At this stage, we will use boostrapping method to inference on model coefficients and their confidence intervals. The first step is to create a set of boostrap resamples

folds <- bootstraps(summarized_pkg, times = 1000, apparent = TRUE)
folds
## # Bootstrap sampling with apparent sample 
## # A tibble: 1,001 x 2
##    splits               id           
##    <list>               <chr>        
##  1 <split [17560/6468]> Bootstrap0001
##  2 <split [17560/6484]> Bootstrap0002
##  3 <split [17560/6457]> Bootstrap0003
##  4 <split [17560/6431]> Bootstrap0004
##  5 <split [17560/6474]> Bootstrap0005
##  6 <split [17560/6429]> Bootstrap0006
##  7 <split [17560/6484]> Bootstrap0007
##  8 <split [17560/6525]> Bootstrap0008
##  9 <split [17560/6493]> Bootstrap0009
## 10 <split [17560/6485]> Bootstrap0010
## # ... with 991 more rows

Now let’s create a little function to get out the coefficients for the probability-of-zero-counts part of our ZIP model. (We could instead or in addition get out the Poisson/count part of the ZIP model.)

get_coefs <- function(x) {
  x %>%
    extract_fit_engine() %>%
    tidy(type = "zero")
}

fit(zip_wf, data = summarized_pkg) %>% get_coefs()
## # A tibble: 2 x 6
##   term        type  estimate std.error statistic  p.value
##   <chr>       <chr>    <dbl>     <dbl>     <dbl>    <dbl>
## 1 (Intercept) zero    0.279    0.0265      10.5  7.22e-26
## 2 n_releases  zero   -0.0140   0.00201     -6.94 3.99e-12

We can now take this function and use it for all of our bootstrap resamples with our ZIP model.

ctrl <- control_resamples(extract = get_coefs)
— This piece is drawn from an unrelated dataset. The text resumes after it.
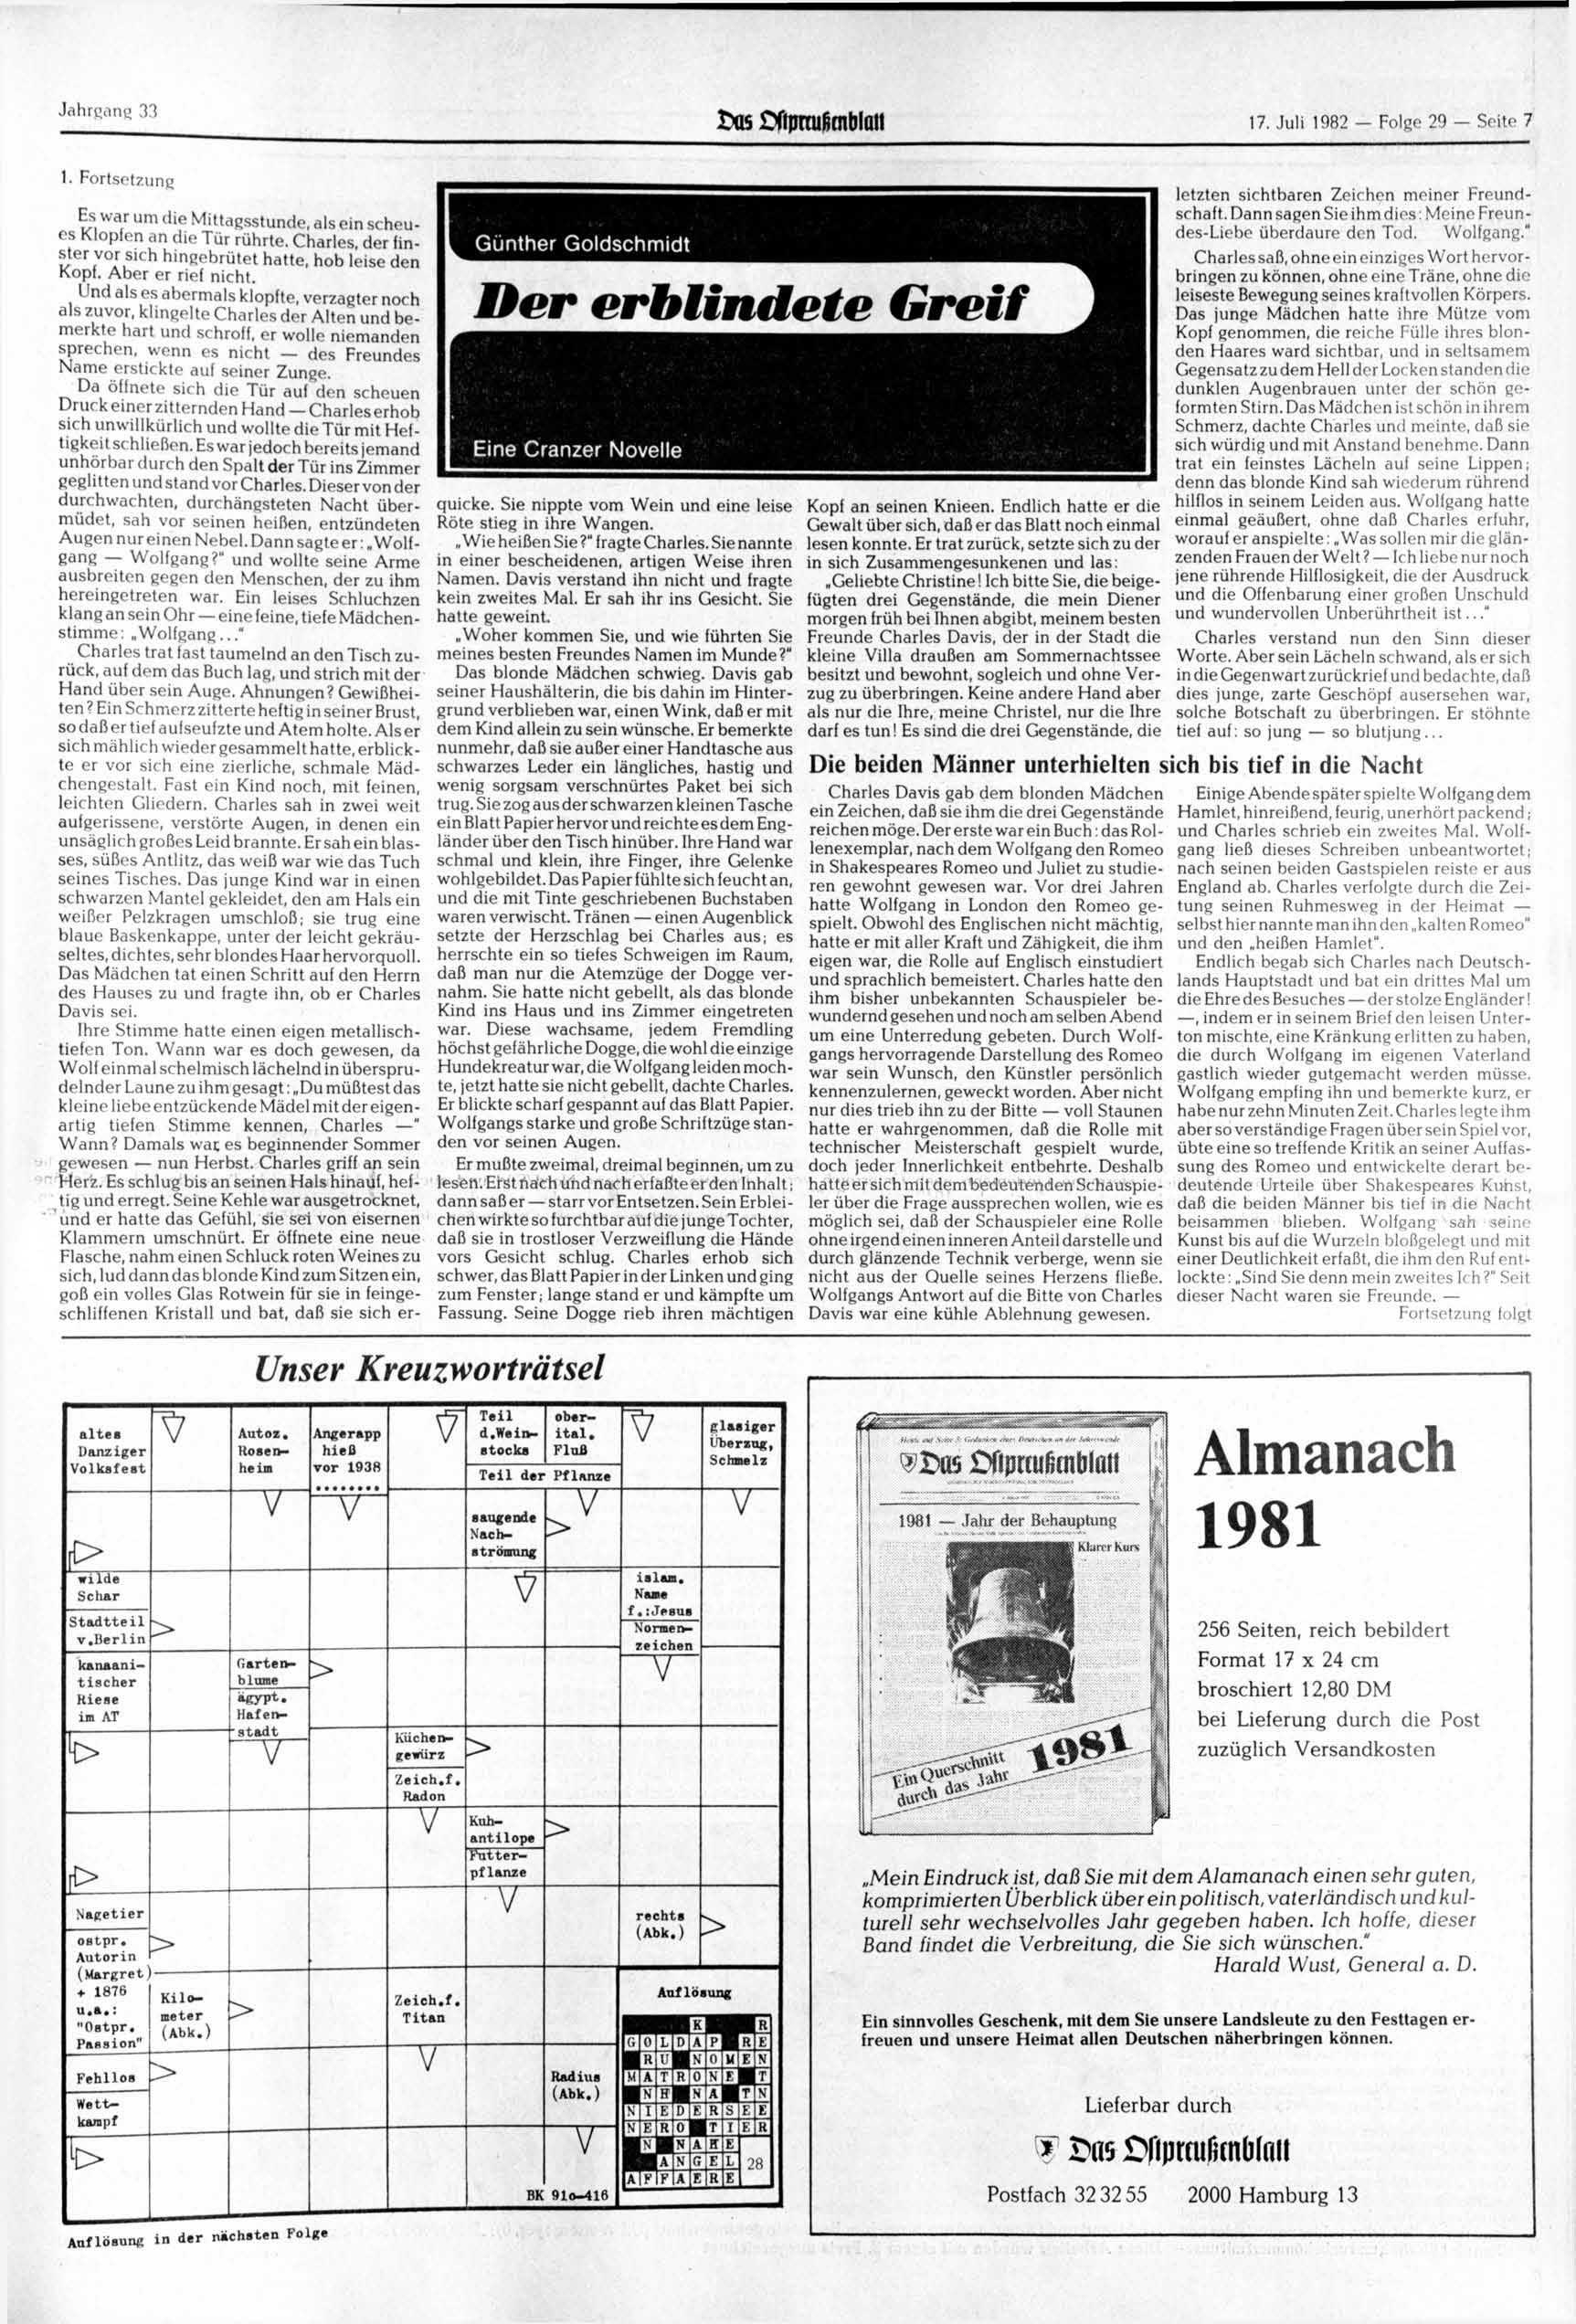 Jahrgang 33 os Hipmißtnblail 17. 1982 Folge 29 Seite 7 1. Fortsetzung Es war um die Mittagsstunde, als ein scheues Klopfen an die Tür rührte.

doParallel::registerDoParallel()
set.seed(28)
zip_res <- fit_resamples(zip_wf, folds, control = ctrl)
zip_res
## # Resampling results
## # Bootstrap sampling with apparent sample 
## # A tibble: 1,001 x 5
##    splits                id            .metrics         .notes      .extracts   
##    <list>                <chr>         <list>           <list>      <list>      
##  1 <split [17560/17560]> Apparent      <tibble [2 x 4]> <tibble [0~ <tibble [1 ~
##  2 <split [17560/6468]>  Bootstrap0001 <tibble [2 x 4]> <tibble [0~ <tibble [1 ~
##  3 <split [17560/6484]>  Bootstrap0002 <tibble [2 x 4]> <tibble [0~ <tibble [1 ~
##  4 <split [17560/6457]>  Bootstrap0003 <tibble [2 x 4]> <tibble [0~ <tibble [1 ~
##  5 <split [17560/6431]>  Bootstrap0004 <tibble [2 x 4]> <tibble [0~ <tibble [1 ~
##  6 <split [17560/6474]>  Bootstrap0005 <tibble [2 x 4]> <tibble [0~ <tibble [1 ~
##  7 <split [17560/6429]>  Bootstrap0006 <tibble [2 x 4]> <tibble [0~ <tibble [1 ~
##  8 <split [17560/6484]>  Bootstrap0007 <tibble [2 x 4]> <tibble [0~ <tibble [1 ~
##  9 <split [17560/6525]>  Bootstrap0008 <tibble [2 x 4]> <tibble [0~ <tibble [1 ~
## 10 <split [17560/6493]>  Bootstrap0009 <tibble [2 x 4]> <tibble [0~ <tibble [1 ~
## # ... with 991 more rows

We can use tidyr to get those out, and then we can visualize the bootstrap intervals.

zip_res %>%
  select(id, .extracts) %>%
  unnest(.extracts) %>%
  unnest(.extracts) %>%
  ggplot(aes(x = estimate, fill = term)) +
  geom_histogram(color = "white", alpha = 0.8, show.legend = FALSE) +
  facet_wrap(~term, scales = "free_x") +
  geom_vline(xintercept = 0, lty = 2, size = 1.2, color = "gray70")
## `stat_bin()` using `bins = 30`. Pick better value with `binwidth`.